Night falls on our 15 hour overnight road trip to see the total solar eclipse. The bright orange clouds tinted with neon reds and yellows fade from gray to black. Memories of driving those same types of highways come back to me. It’s like time crosses back on itself.
When I was younger and confused about life, I spent a lot of time driving between one pointless hope and another through long stretches of desert. On one road trip, I stopped at some crossroad gas station that still dotted the mostly empty desert around the Test Site. Scrawled on the bathroom wall was a sketch of a flying saucer with the words: UFOs are HERE Watch the Skies. A tantalizing thought. I stepped out into the parking lot. Even with the lone streetlight, the night sky burned. A hot breeze stirred some salt cedar in a dried creek bottom. I’d grown up in the deserts of the American Southwest and for a time, as a boy, we’d lived in tents down on the Mexican border. My old man was a curious man and read a lot. We’d sit around as the campfire burned down and the intense blackness of night would close around us. He’d be there, the glow of his cigarette, and he’d start reeling off stories about how far away stars were – Alpha Centauri 4.3 light years, and explain a light year meant an the incredible distance of space. In effect he said, we were looking at light generated millions and billions of years ago. We kids lay back and peered at the black between the stars and wondered about the immensity of the universe. Right about that time NASA Voyager had been launched as a calling card for humanity. Even though we’d be billions of years dead by the time any deep space civilization intercepted and interpreted golden records carried by the space vehicle, it was still the hope that intelligent life had evolved and flourished in the universe, off the planet Earth. It was also the time of the Wow signal heard at Ohio State, although it never repeated, it was considered to be the best candidate for an extraterrestrial radio signal ever discovered.
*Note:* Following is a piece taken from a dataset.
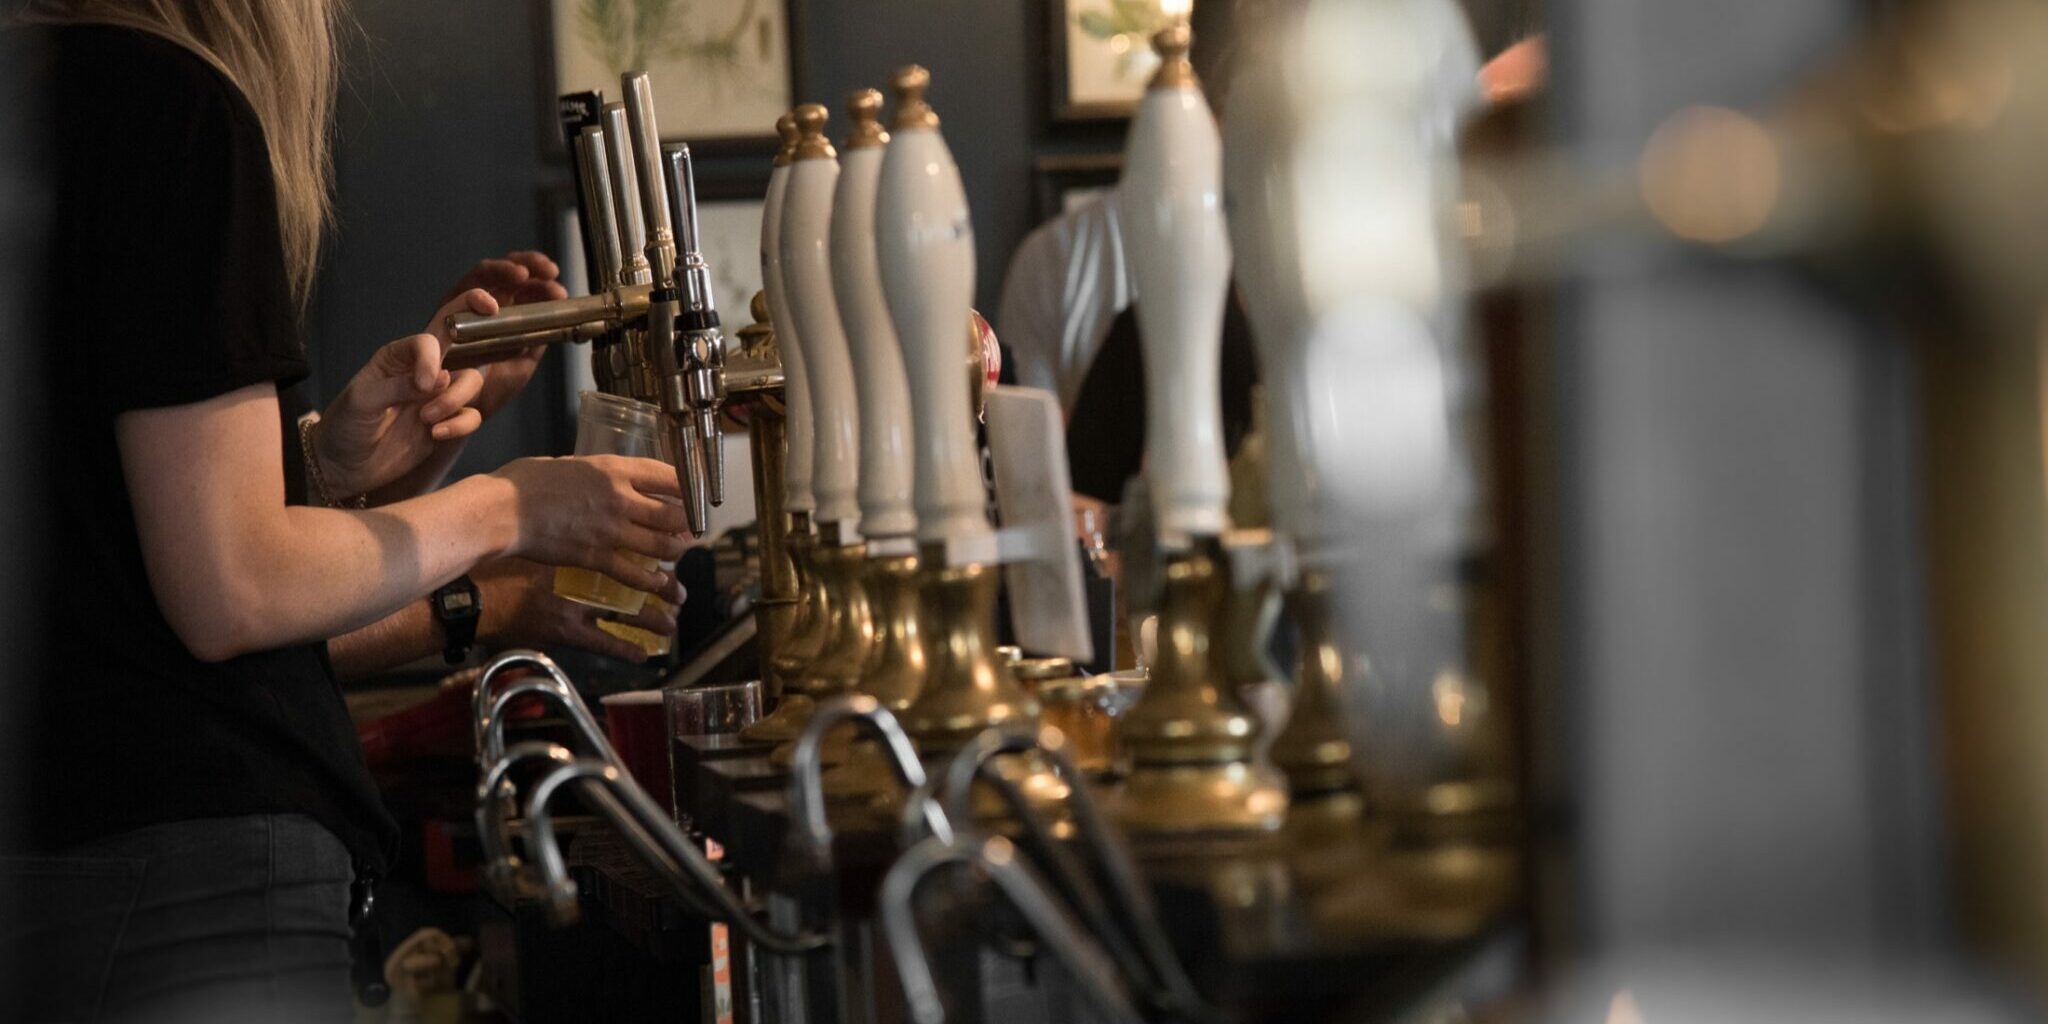 A row of beer taps at a bar

It was no Contact, but it was something a boy such as I was could place some hope in. I’ve often wondered, as I got older, why I hoped for this life. I used to walk out into the deepest desert night just hoping aliens would come down. I ached to travel those vast distances to see whatever was out there. Was I so lonely and such an outsider that chancing it with extraterrestrials seemed a viable option? So alienated? I pun, but like the arrival of Christ, of which preachers had disappointed me about, and the more I read, realized there were centuries of disappointed believers, I started asking for extraordinary evidence, to quote Carl Sagan, to prove extraordinary claims. Sagan worked on Voyager and formed The U.S. Planetary Society in 1980 to aid in the Search for Extraterrestrial Intelligence (SETI). He watched the skies and allowed for the existence of some sentient, intelligent beings in the universe, but needed more proof than the scrawling on a bathroom wall. That’s the rub. Not many people really want evidence and want to live in the reality where whatever they believe is true like religious fanatics and conspiracy theorists. Their evidence is the word, the prophet’s call from the desert, even if it’s graffiti. In 1990 Sagan requested Voyager’s cameras turn toward Earth as it left our solar system and take a final photograph before shutting down the cameras. Voyager shot the photos from 3.7 billion, 40.5 AU, miles away. A record distance for a photograph. The photograph captured by the narrow- angle camera became known as the Pale Blue Dot photo. Earth and all of us take up less than a pixel, .12 out of 640,000.

It feels natural, as we see ourselves as what could be a fleck of blue lint on the filter of photograph to become introspective. To look around and consider as Sagan said,”Our posturings, our imagined self-importance, the delusion that we have some privileged position in the Universe, are challenged by this point of pale light. Our planet is a lonely speck in the great enveloping cosmic dark. In our obscurity, in all this vastness, there is no hint that help will come from elsewhere to save us from ourselves.”
Read the rest of Sagan’s Pale Blue Dot lecture here.
We should heed Sagan’s wisdom. I wonder though at my own reaction. After reading and rereading his lecture I can’t help but think of the first time I saw the image. Of all the nights I’ve stared into the living black of space and the star clouded sky, the Pale Blue Dot photograph made me feel space was staring back.